Cheney Bros. (Δ ) v. Doris Silk Co. (Π): Prop limited to chattels which embody invention. Others may imitate (p. 55). (fashion manuf=built in delay)
· F: Π created seasonal designs. Δ copied Π’s design and undercut Π ’s price. Π sued for seasonal protection. Δ wins.
· A: Case deals w/ fair competition; INS v. AP deals with unfair competition.
· Policy: Competition ->innovation & lower prices
· Judge Hand construed INS narrowly
· Sd INS rule = if copyright or patent law doesn’t protect it property or tort (unfair competition) doesn't
§ Even though INS court used unfair competition
· Hand reversed his opinion in Peter Pan Fabrics, Inc. v. Martin Weiner Corp. because of an amended Copyright Act.
Smith (D) v.
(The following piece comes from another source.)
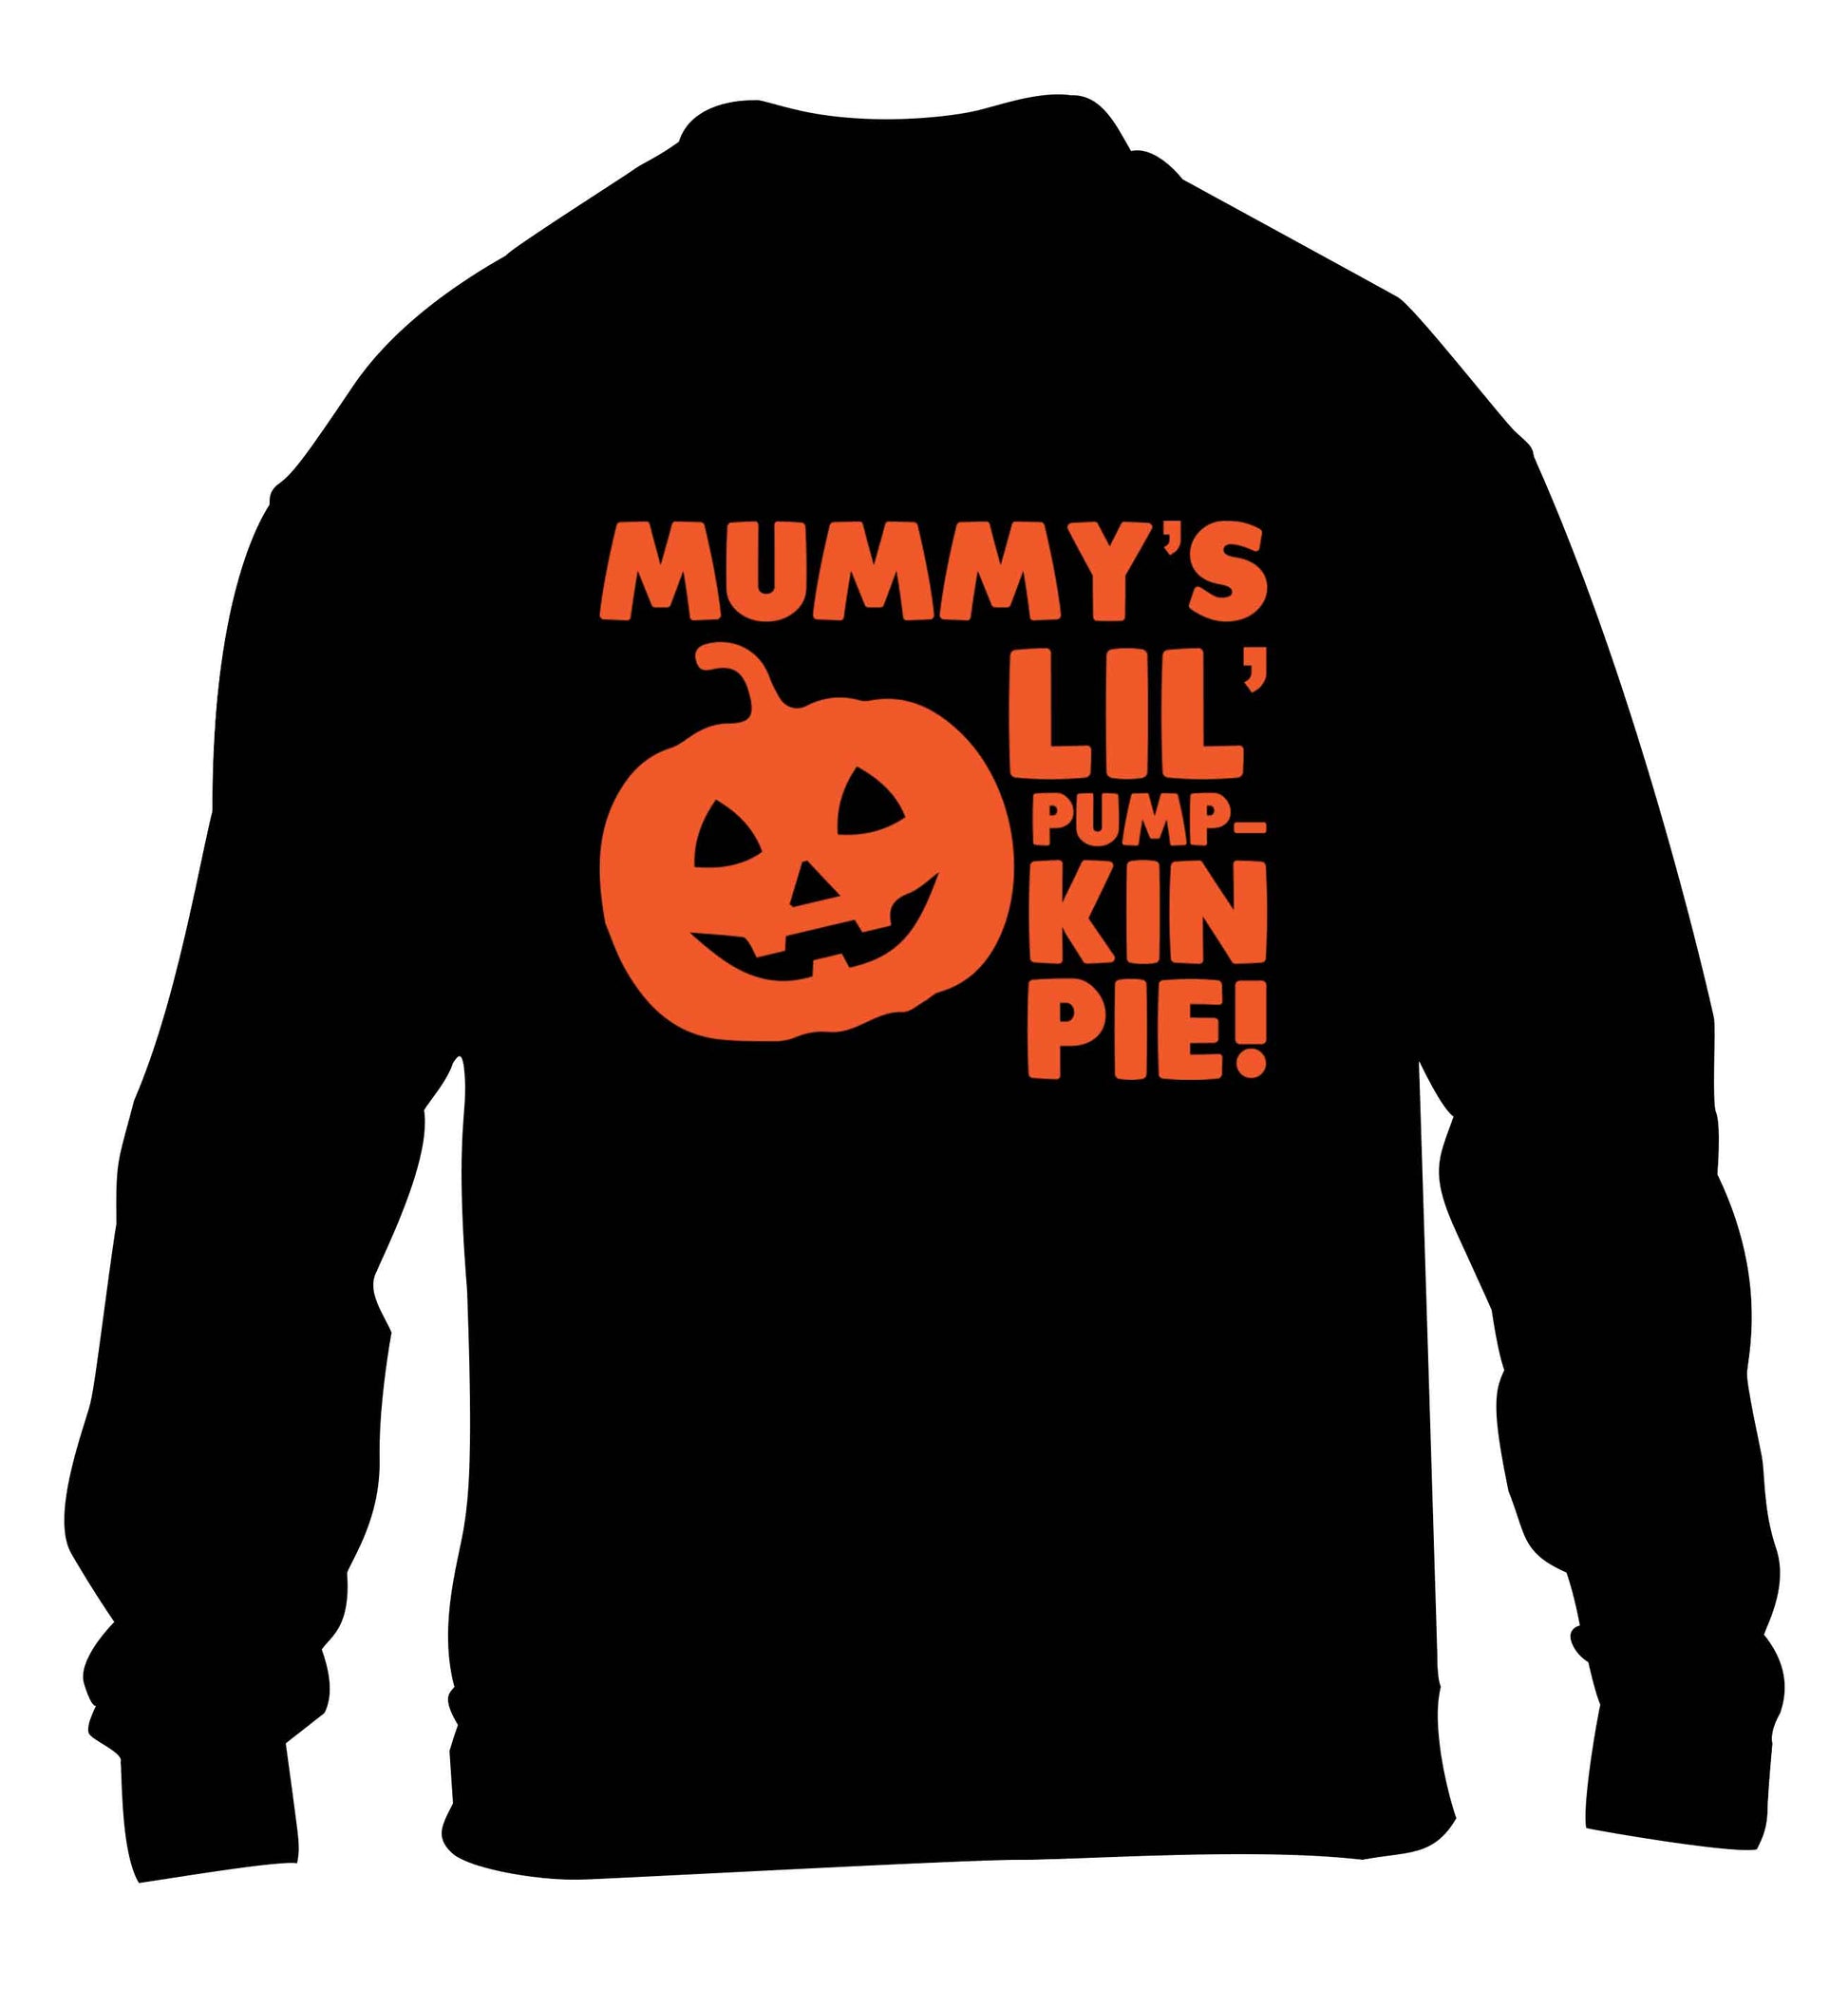 Mummy's lil' pumpkin pie children's black sweater 12-13 Years

Chanel (P): A product cannot be monopolized simply b/c it was made at great expense; public interest prevails. (p. 56).
· F: D copied P’s perfume formula and advertised it as identical to P’s perfume, Chanel No. 5. D prevailed.
· A: The court holds imitation breeds competition & provides a public benefit
Nichols (P) v. Universal Pictures Corp. (D): Copyrights not provide absolute IP protection from use in the public domain
· F: P alleges D copied key characters from play to produce D’s movie. D prevailed.
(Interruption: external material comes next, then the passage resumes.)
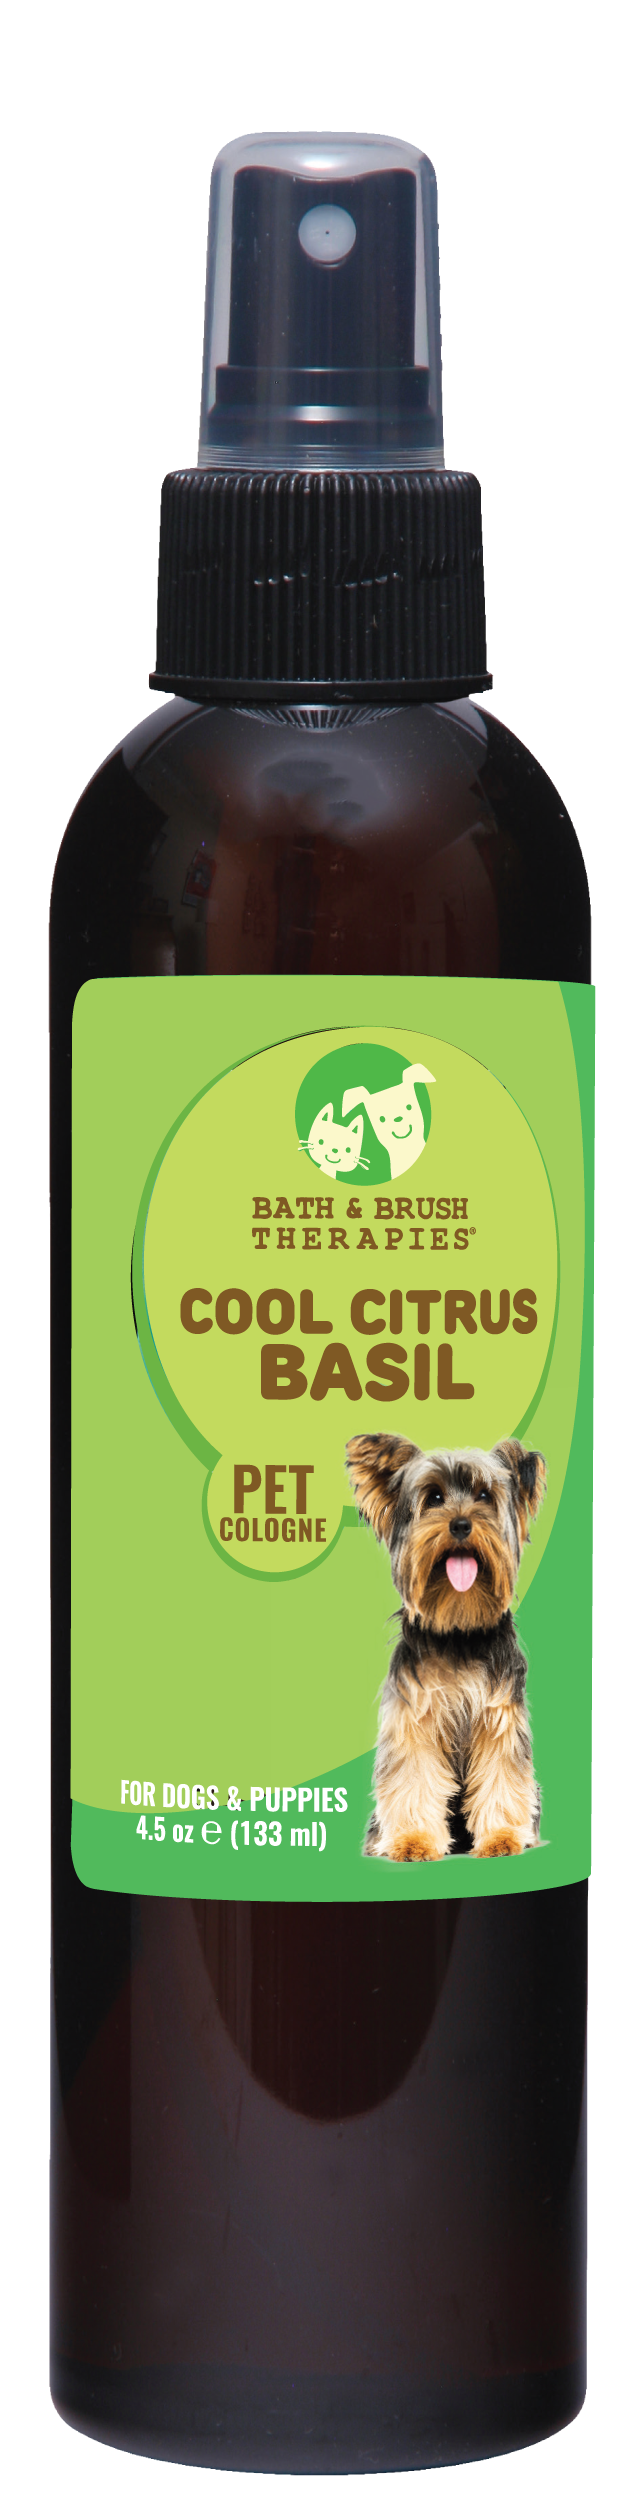 Cool Citrus Basil Pet Cologne

· A: Assuming P’s play was wholly original, and novelty not essential to copyright, still no monopoly.
Diamond (D) v. Chakrabarty (P): Patents may extend to artificially-created micro-organisms. (p. 60).
· F: D barred P from patenting genetically engineered cell since organic in nature. P prevailed.
· A: Congress created broad patent laws
· upholds Jefferson’s Patent Act of 1793 and 35 USC 101 “anything under the sun… made by man.”
White (P) v. Samsung Electronics America (D): In CA, IP rights extend to ownership in one’s own likeness.